Run a productive agent session: opening brief, four required inputs, and how SKILL.md keeps the session focused.

Use The Model Evaluation Skill With Confidence
How-To Guides

Discover the step, run a hosted evaluation, and evaluate a deployed checkpoint.

Model Evaluation How-To Guides
Reference

YAML schema, command-line flags, output artifact layout, benchmark catalog, and troubleshooting.

Model Evaluation Reference
Concepts

Architecture, endpoint and benchmark families, and tokenizer alignment.

Concepts

All Documentation#

Guide

What You Will Do

Time

Getting Started With Model Evaluation

Run a one-sample evaluation against a hosted endpoint

15-30 min

Use The Model Evaluation Skill With Confidence

Drive eval/model_eval from a coding agent

10 min read

Guide

What You Will Do

Discover The Model Evaluation Step

List the step, read its contract, and decide whether it applies

Run A Hosted Evaluation

Run benchmarks against an already-running endpoint

Evaluate A Deployed Checkpoint

Pick a deployment path, then point the step at the endpoint

Reference

What You Will Find

Configuration Reference

YAML field reference for default.yaml and tiny_chat.yaml

CLI Reference

Flags and Hydra overrides for nemotron steps run eval/model_eval

Output Artifacts

eval_results contract and on-disk layout

Tasks Catalog

NeMo Evaluator Launcher task identifiers grouped by family

Troubleshooting

Named error modes from step.toml, with cause and recovery

Concept

What You Will Learn

Concepts

Map of the concept pages and how they relate

Pipeline Overview

Artifact flow from checkpoint through eval/model_eval into eval_results

Endpoint Types And Task Families

Chat versus completions endpoints, and which benchmark families match each one

Tokenizer Alignment

Why log-probability benchmarks need a tokenizer that matches the served model

Before You Start#

  • The Nemotron repository is synced and uv sync is complete.

  • A bearer token is exported as the environment variable named in target.api_endpoint.api_key_name. Hosted smoke tests usually use NVIDIA_API_KEY.

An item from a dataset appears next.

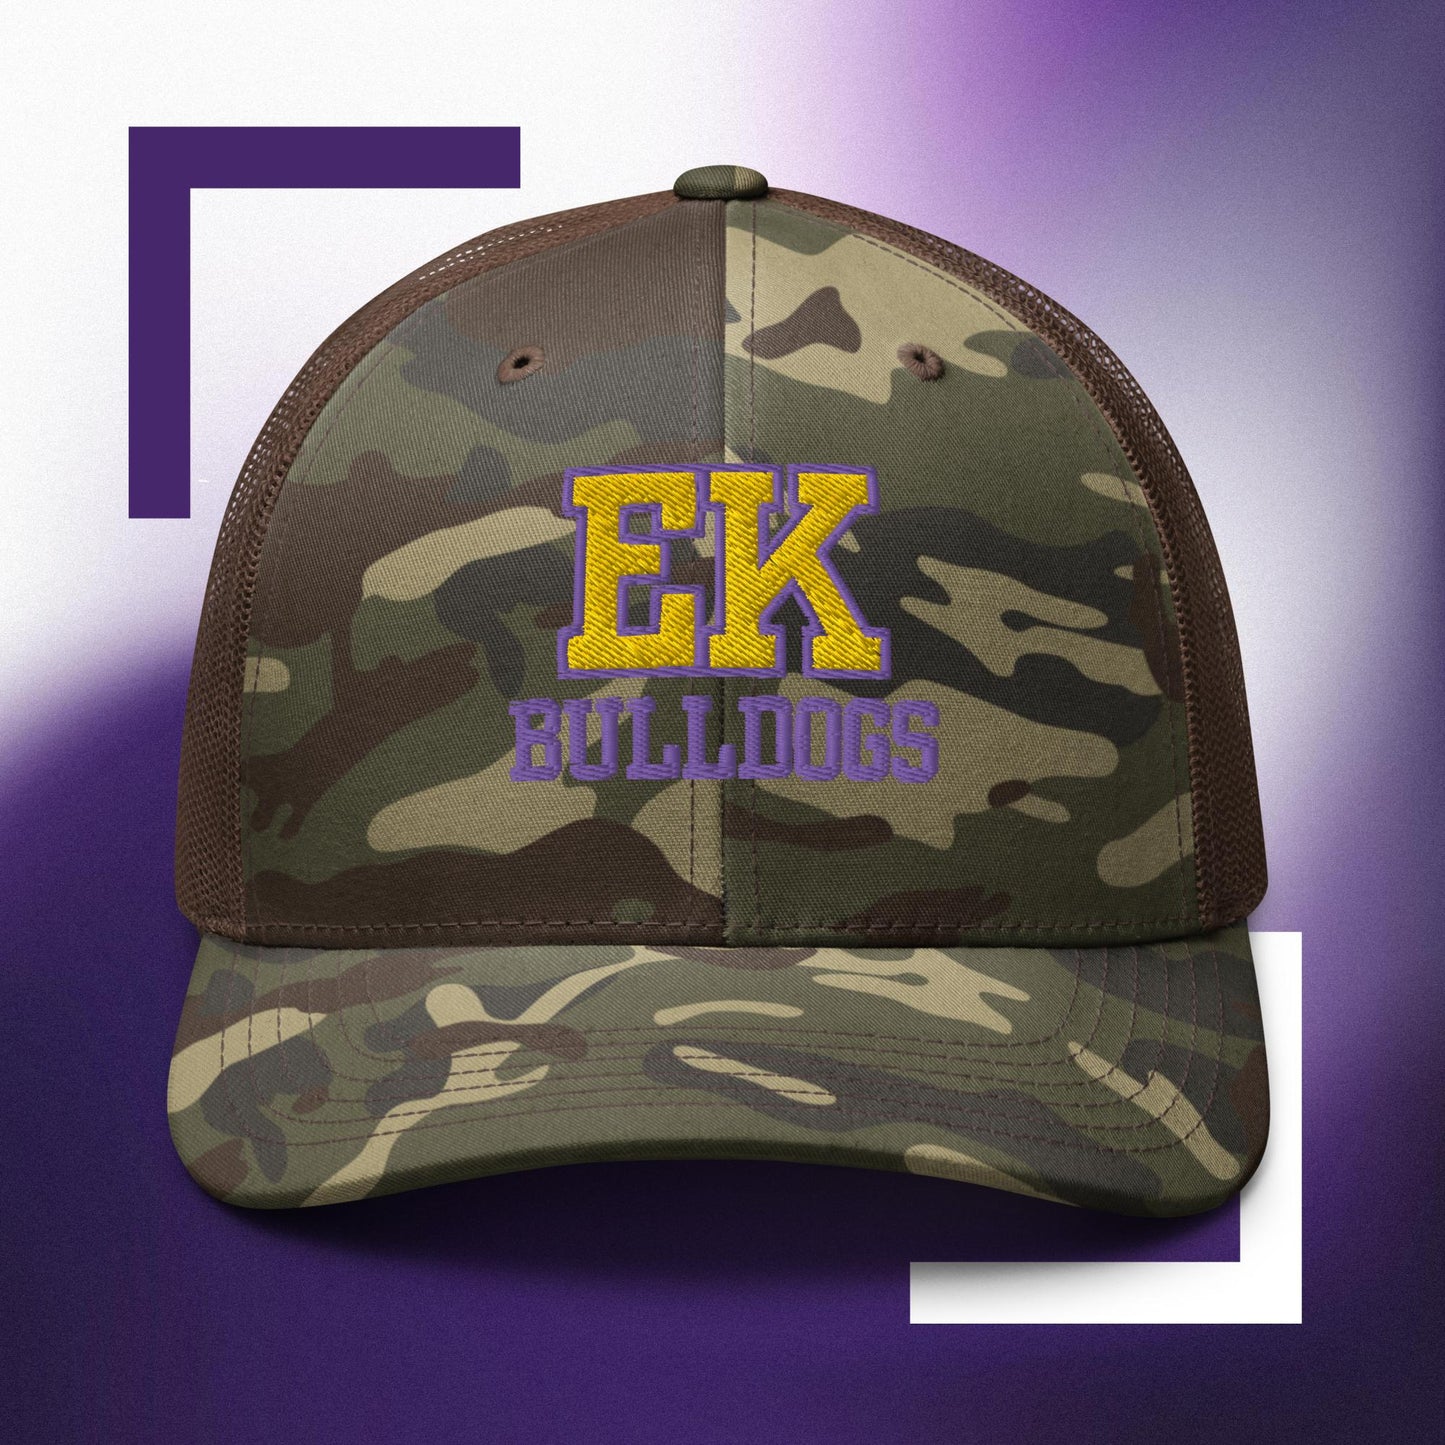 EK Bulldogs Camouflage Embroidered trucker hat

  • A reachable evaluation endpoint URL and a model identifier the endpoint advertises.

  • A tokenizer that matches the served model when running log-probability tasks. The hosted chat smoke test does not require a tokenizer override.

Limitations And Considerations#

  • Cost: every benchmark sample issues at least one request to the endpoint, and hosted endpoints incur per-token cost.

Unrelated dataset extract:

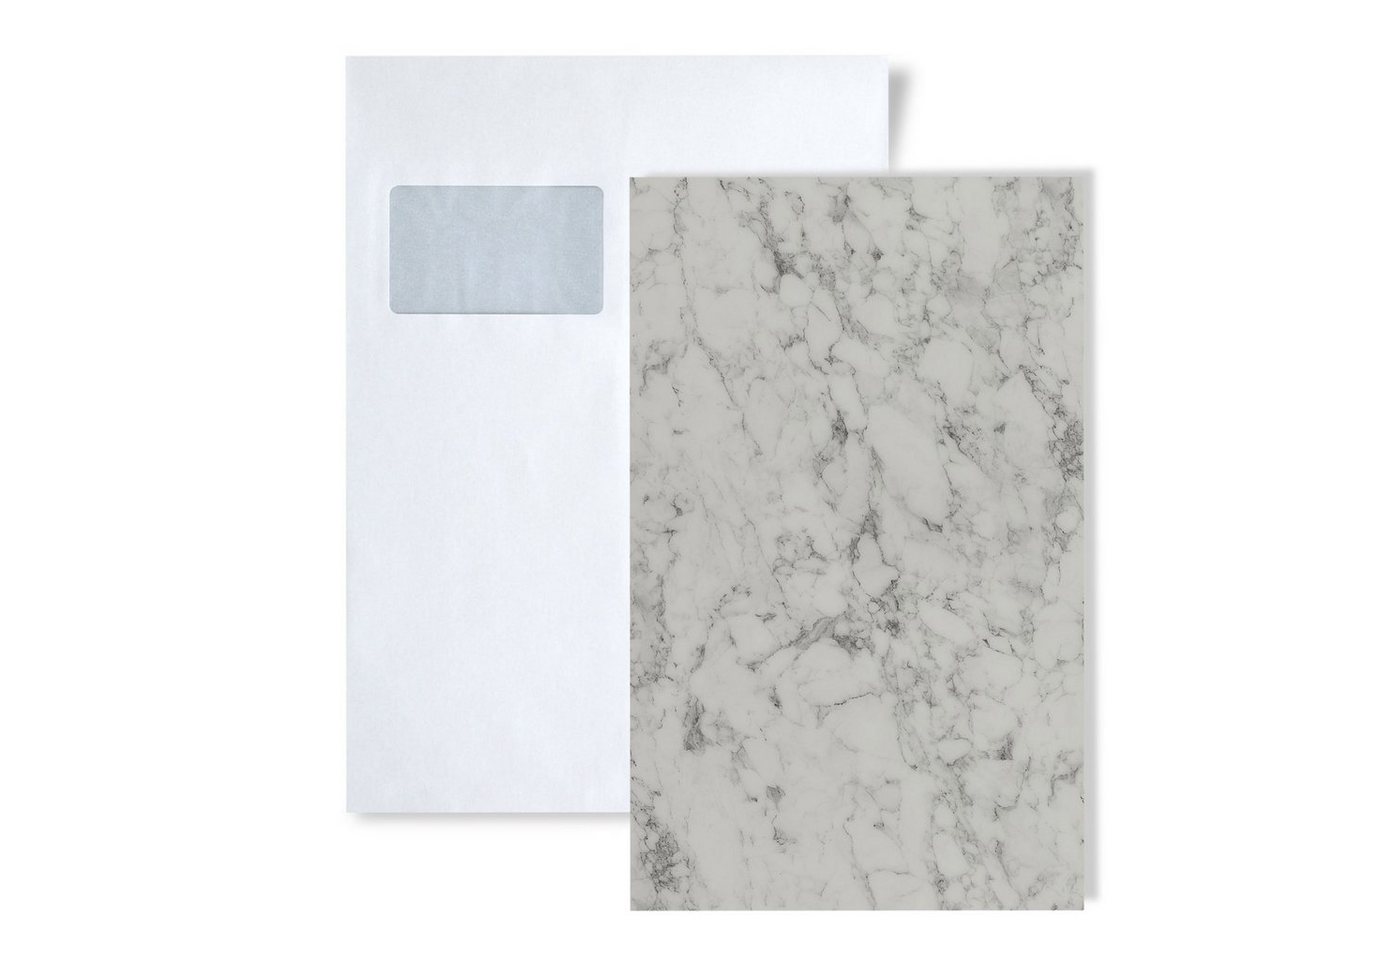 Wallface Dekorpaneele S-19566-NA, BxL: 15x20 cm, (1 MUSTERSTÜCK, Produktmuster, 1-tlg., Muster des Dekorpaneels) weiß, grau-weiß von Wallface

  • Rate limits: hosted endpoints throttle concurrent requests, so set evaluation.nemo_evaluator_config.config.params.parallelism to a value the endpoint can serve.

  • Deployment: tiny_chat.yaml targets an already-deployed endpoint; default.yaml uses launcher-managed deployment for a Megatron Bridge checkpoint.

  • Comparability: scores are comparable when the endpoint type, task version, tokenizer, and generation parameters are held constant across runs. The Comparing Runs section explains the framing.